**Required action:**
Copy the data that follows exactly, and include none of its images.

**Collected material:**
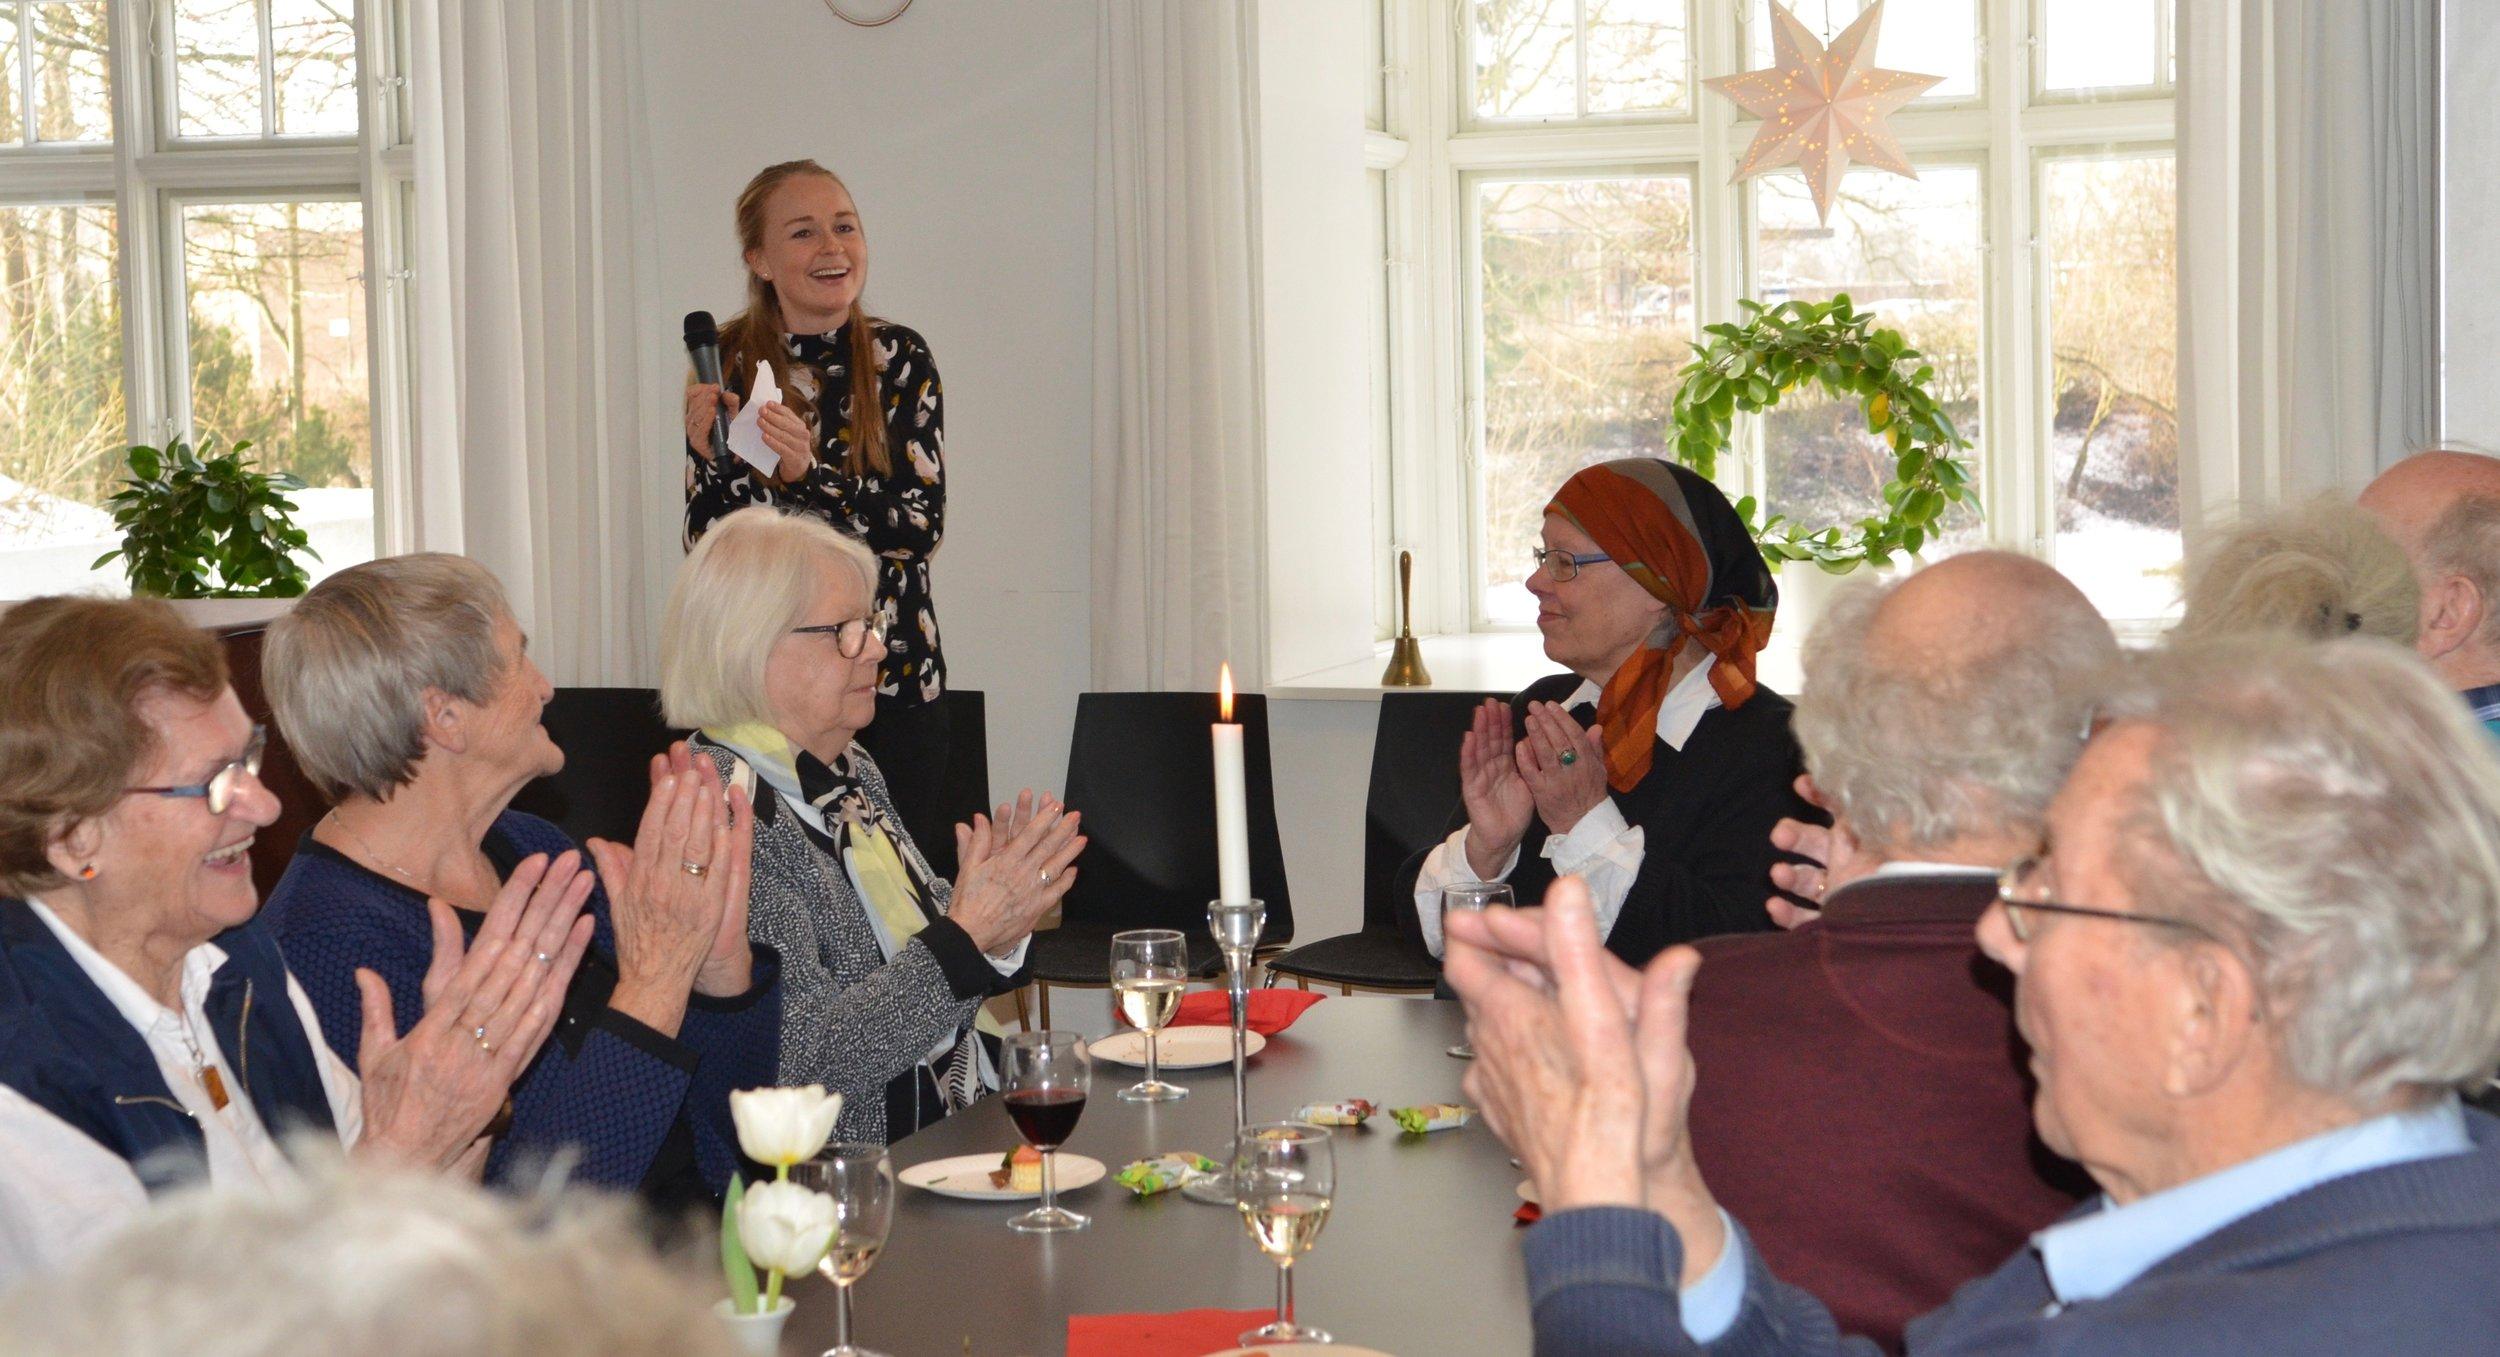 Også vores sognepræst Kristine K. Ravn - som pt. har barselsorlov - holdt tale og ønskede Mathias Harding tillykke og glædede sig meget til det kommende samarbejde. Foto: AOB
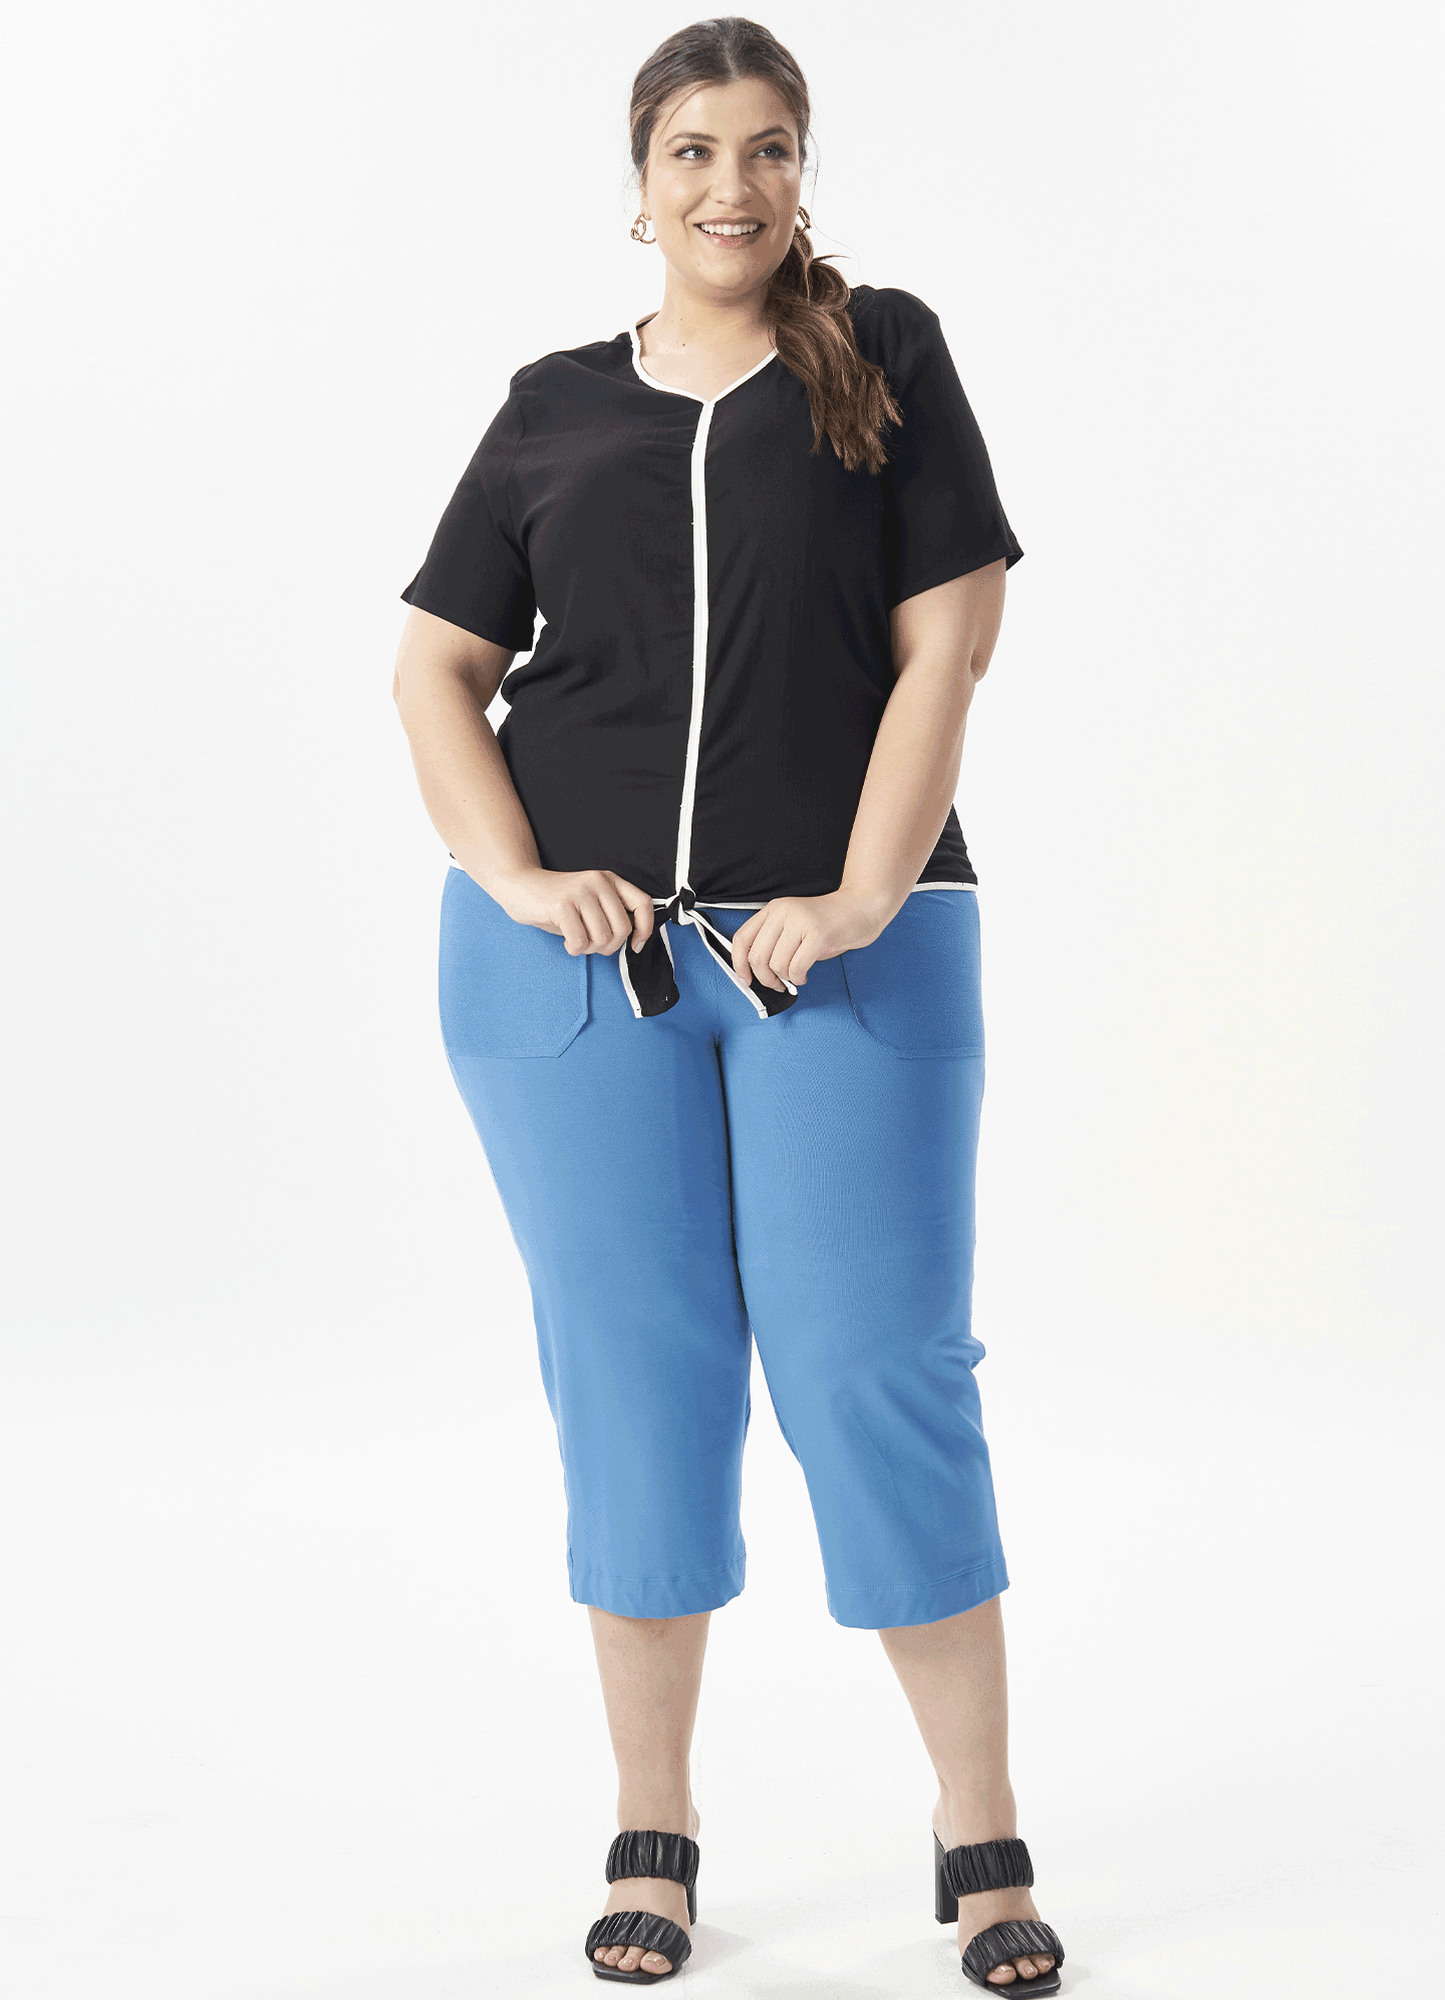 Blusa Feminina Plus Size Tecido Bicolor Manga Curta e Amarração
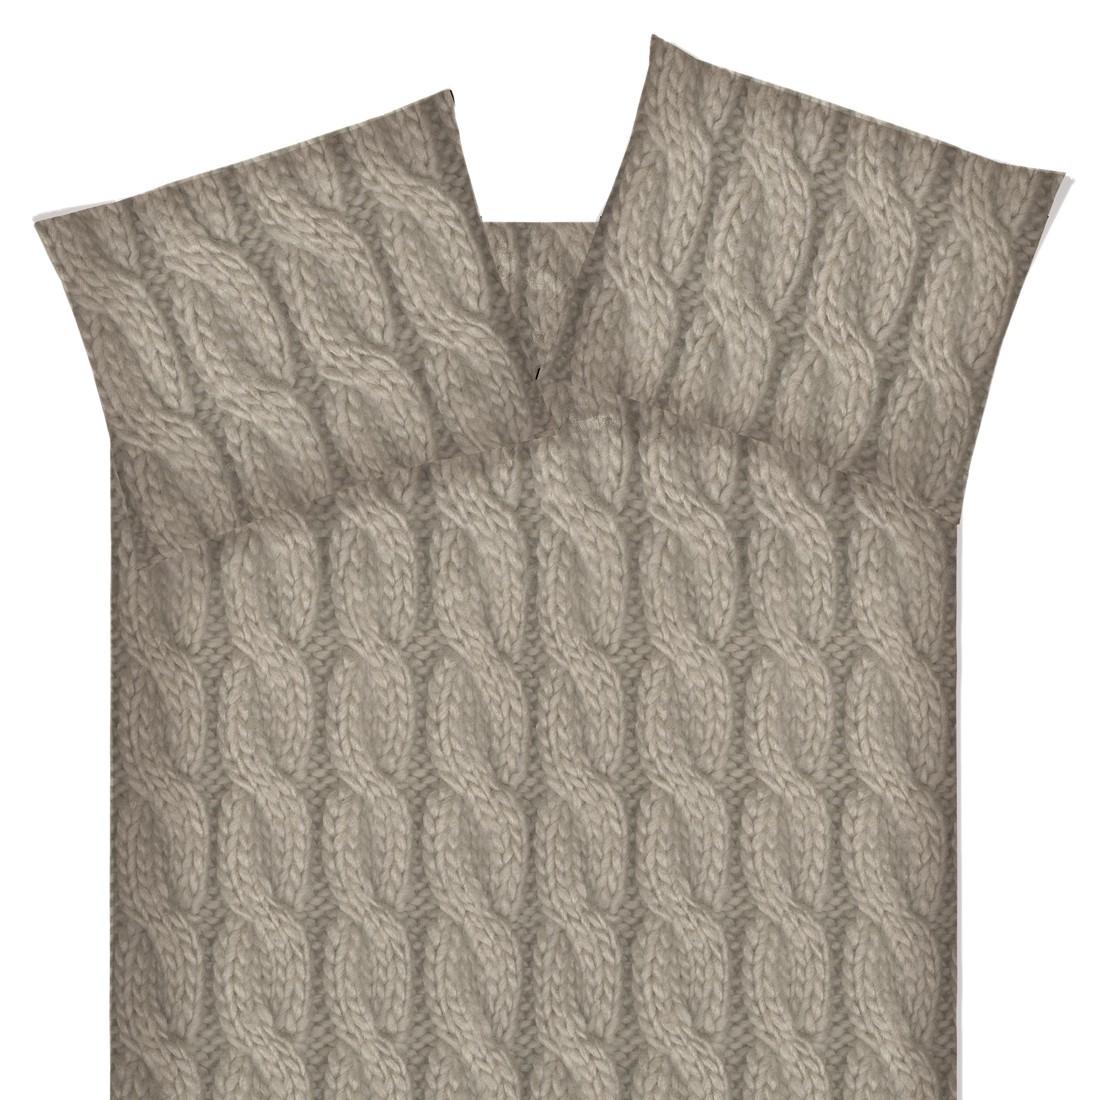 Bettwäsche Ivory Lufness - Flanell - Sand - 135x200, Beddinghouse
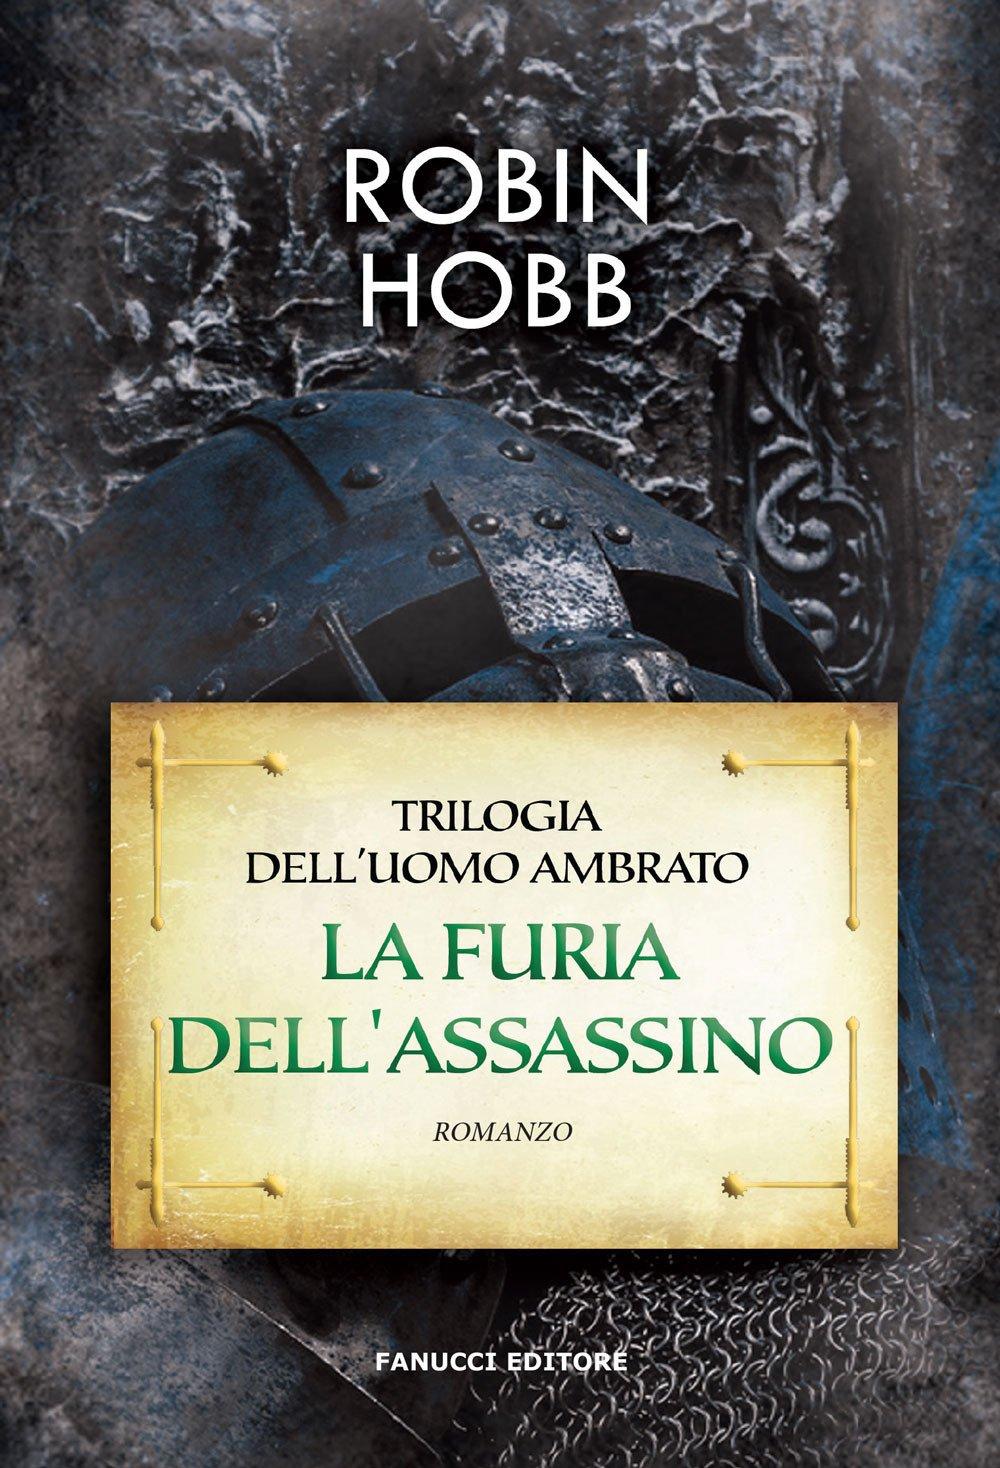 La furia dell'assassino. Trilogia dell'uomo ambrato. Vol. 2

**Answer box:**
 Også vores sognepræst Kristine K. Ravn - som pt. har barselsorlov - holdt tale og ønskede Mathias Harding tillykke og glædede sig meget til det kommende samarbejde. Foto: AOB
 Blusa Feminina Plus Size Tecido Bicolor Manga Curta e Amarração
 Bettwäsche Ivory Lufness - Flanell - Sand - 135x200, Beddinghouse
 La furia dell'assassino. Trilogia dell'uomo ambrato. Vol. 2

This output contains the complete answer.